What you must realize is that a string compare is a hard task for a computer, in this sense that computers can only calculate. So to go a bit into detail: a string is an array of characters, which are technically speaking just 8bit integers (or 1 byte); so in order to see if strings are equal, a computer has to compare those in a loop:
for each letter in the string:
check if letter equals the letter in the same location on the other string
(there are shortcuts, which are taken; not going into that detail, as it will dive too deep at this point)
For "string equals other string" the shortcuts are fairly easy and fast enough, but "string contains ..." this is much harder; there are far fewer shortcuts
Since computers are not particulary good at searching in text, but are very good at processing numbers, binary trees were brought forth;
Now, what happens -generally- when you perform a SQL query:
Code:
SELECT field1, field2 FROM table1 WHERE field3 = value
If there is an index, the
index is searched: this will lead to the numbers of the records which are to be presented; The whole record is read, but only the fields of that record will be displayed.
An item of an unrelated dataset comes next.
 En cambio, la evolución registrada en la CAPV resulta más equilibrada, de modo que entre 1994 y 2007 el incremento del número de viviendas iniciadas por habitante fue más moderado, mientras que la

In this read operation, an amount of data equal to n times the blocksize is read (n being an arbitrary number); This makes that a table scan can be done fairly fast: each read operation is going to lead to a great amount of records, without having to read those records themselves. The index-read leads to a certain amount of records, and this can speed up things, as the database knows how big each record is and can thus
jump to those records; which is way faster than a complete read operation.
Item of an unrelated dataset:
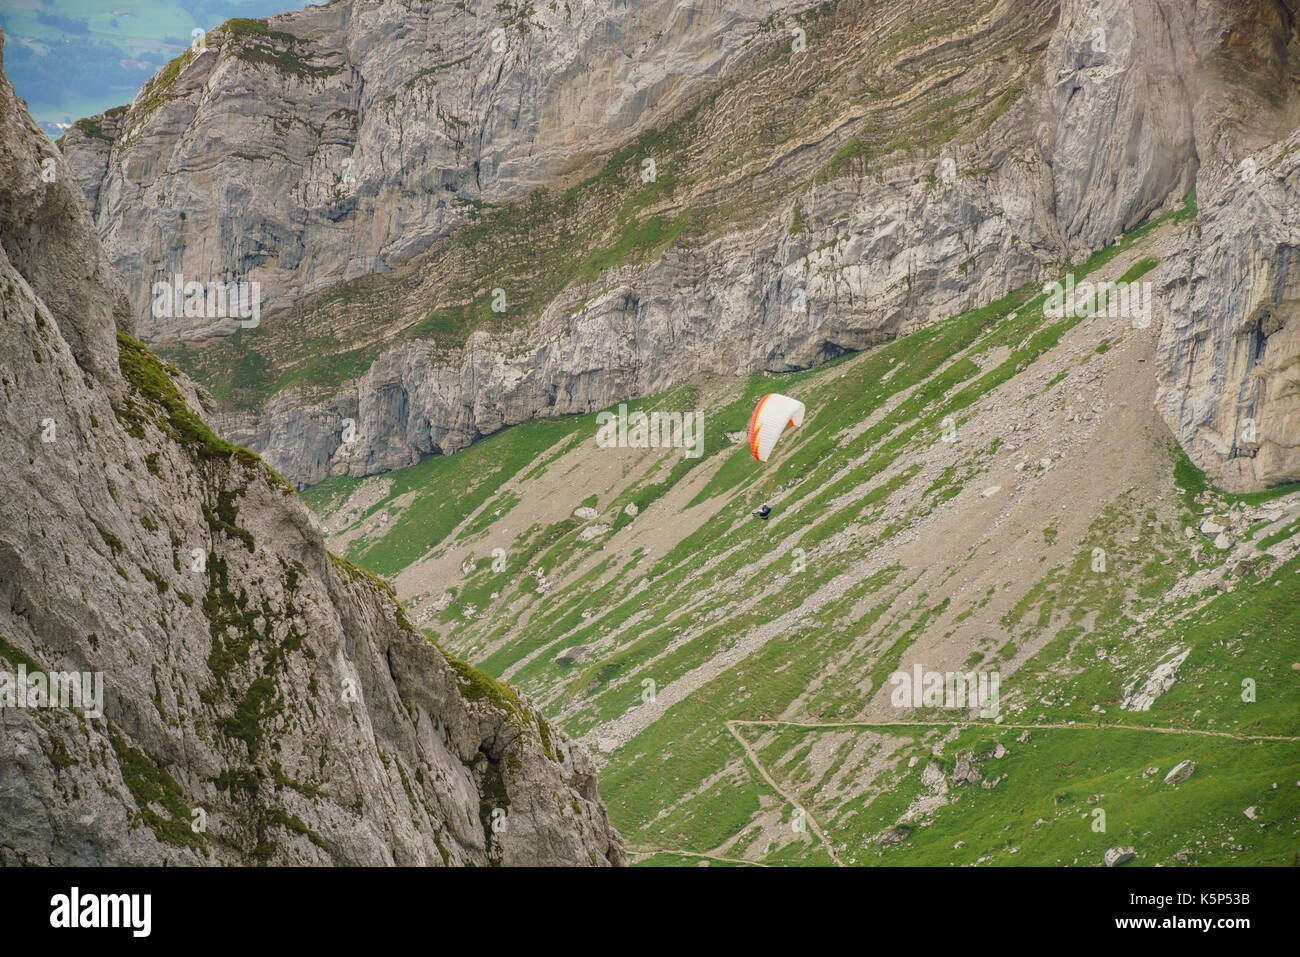 Mann, der Drachenfliegen über den Pilatus, Luzern, Schweiz Stockfoto

Indexes are not always going to speed up your operations; on small tables, they actually make things slower.
Also, indexes make write operations slower at all times; they're good for retrieval operations.
In analogy to bookreading: In books you also have indexes; I for one, never read the index of a very small book; I can browse to the required data faster if I have some idea what the book is about; However, as a human I can read text fast, which a computer cannot (all in relativity); However, in a big book (take a cookbook with thousands of recipes, and I want to find the recipe for goulash I will take the index and see how far I can skip ahead to find that one; It speeds up my search operation.
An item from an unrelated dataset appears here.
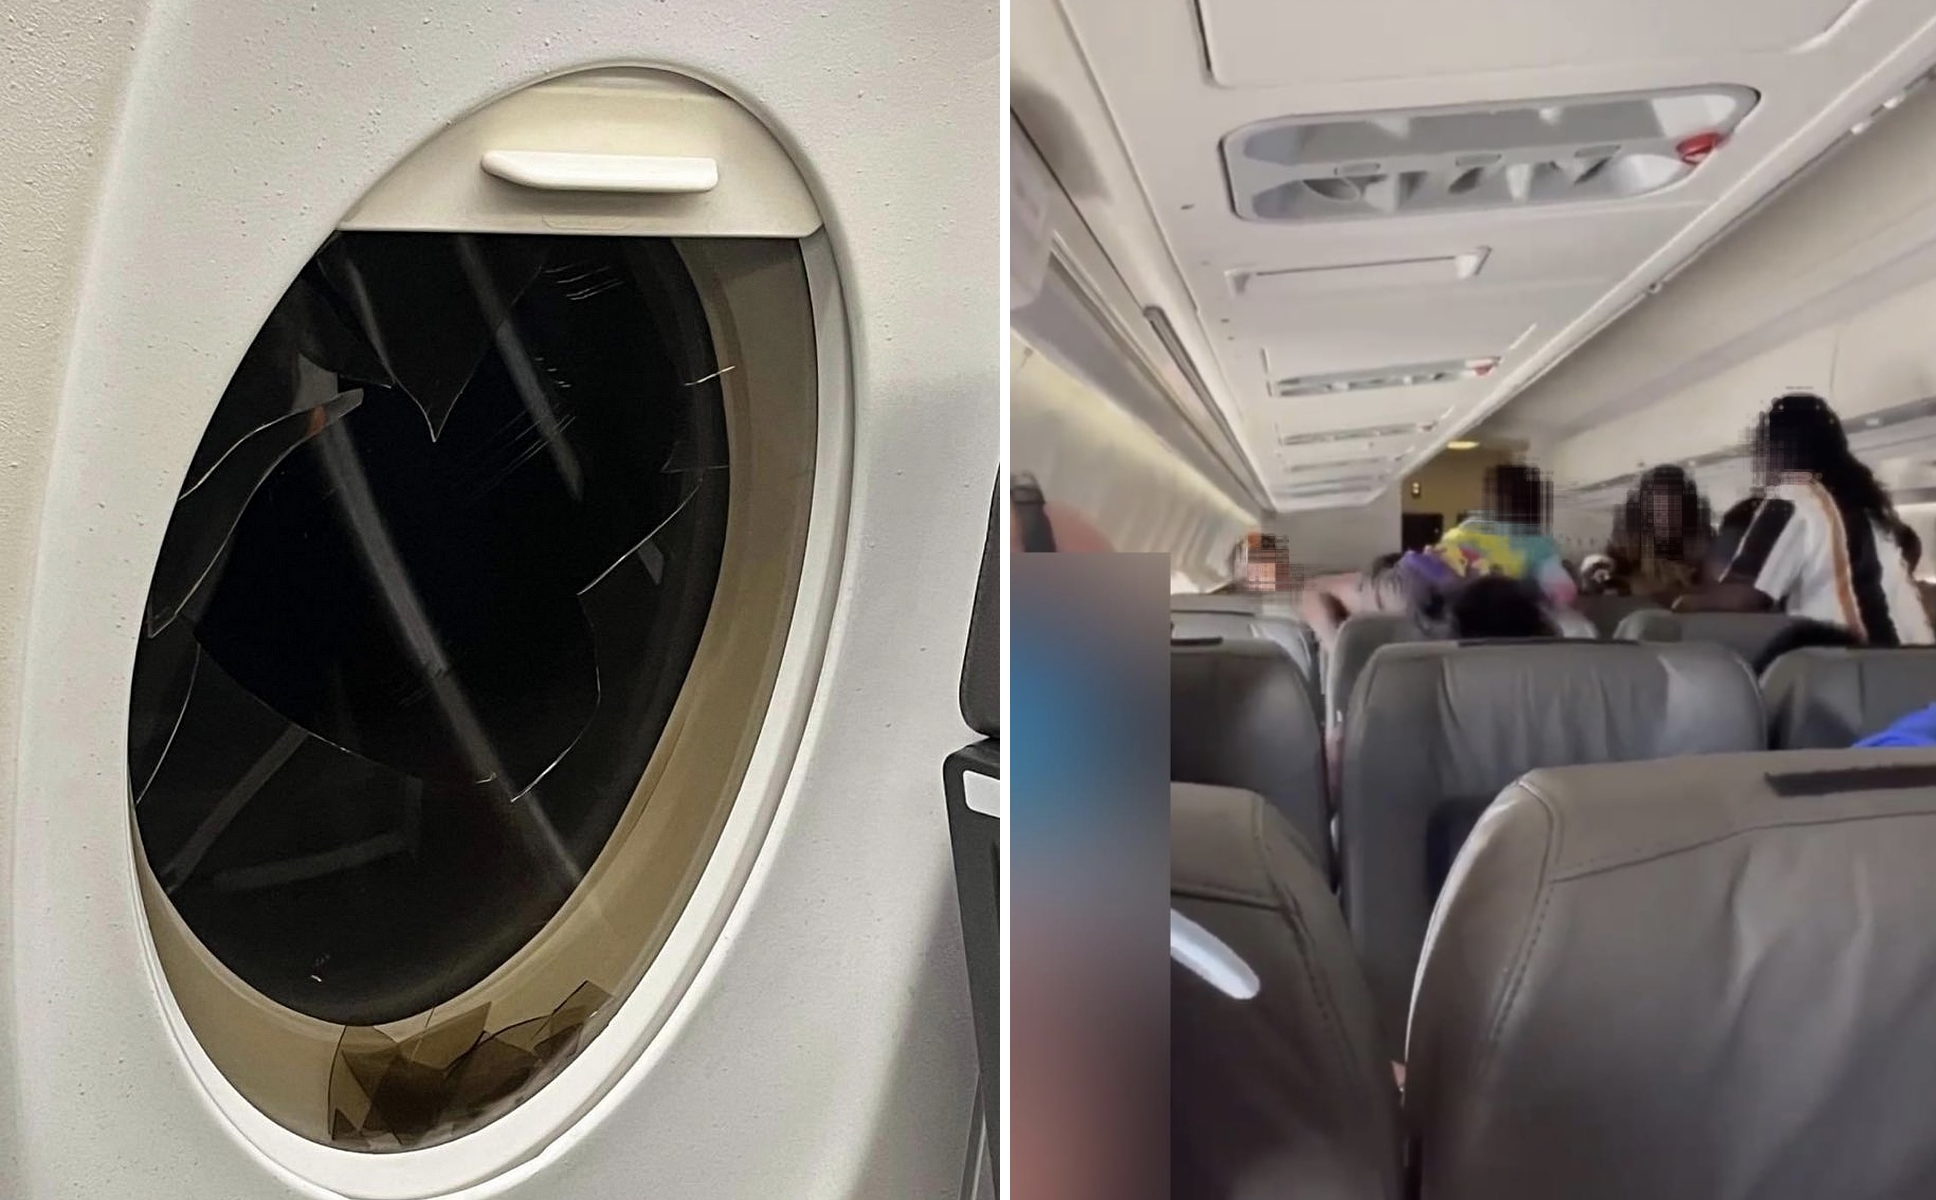 Káoszjárat: úgy összeverekedtek az utasok, hogy még egy ablak is betört a repülőn, kényszerleszállást kellett végrehajtani

However, if there's a small cookbook "5 ways to boil an egg", I'm not going to use the index to find the recipe for a hard-boiled egg. (usually, smart databases will neither; the query optimizer takes care of such things)
As you might notice here, right now: the entire table is never read into memory; it is scanned and parts of the table may be in memory for a while, but they do not "reside" there; what would be in memory would be a temporary copy of the actual data in the database. Because: what happens when there's a powerfailure during the query?
So, what modern RDBMs do, is store the current data to a "before image", perform the query, and when it completes successfully the before image can be destroyed. If there is a powerfailure during the query, the database can always be restored to the original state by performing a roll-back if the before image write has completed; if not: the data is still in the original state; If the powerfail happened during the query, the rollback can place the data back to the original state. The query is lost, but that's not as bad as a database that is in an inconsistent state.
To prevent data-loss, the "after-image" was invented; how the data would look after the data has been committed; Together with the before image, you can do a roll-back and a roll-forward to have the database in a consistent state at all times
and not losing the query. Keeping the data in this consistent state has a cost, all those write operations are costly. But you also see that the database itself, and thus the tables are and must be on the disk.
Now for cross referencing:
If you want to get the idiosyncrasies (I hope I spelled that right) of all the persons, you would do "SELECT * FROM idio_table"; and this would probably be a single read operation. However, if you want to split this up in 50 tables the data is most likely spread out, and thus would cost far more (about 50) read operations; And even with that: how would your query look like
SELECT * FROM people_table INNER JOIN idio1_table ON people_table.id = idio1_table.id INNER JOIN idio2_table ON people_table.id = idio2_table.id ... etc
or
SELECT people_table.name FROM people_table,nose_pickers WHERE people_table.id IN nose_pickers.id; ... etc...
it will take you ages to write the right queries, and with that you also have to maintain as many indexes (to make sure you don't get duplicates) as well as alot of cross referencing; your updates will cost you several read/write operations, whereas if you kept it in 1 table it would be a single read/write operation.
I think this is not too hard to grasp; So: yes, you can write your own program that would manage the data in your way, but I think it'd be slower than the most bloated of databases, where that bloated database provides also all the tools to keep your data consistent at all times.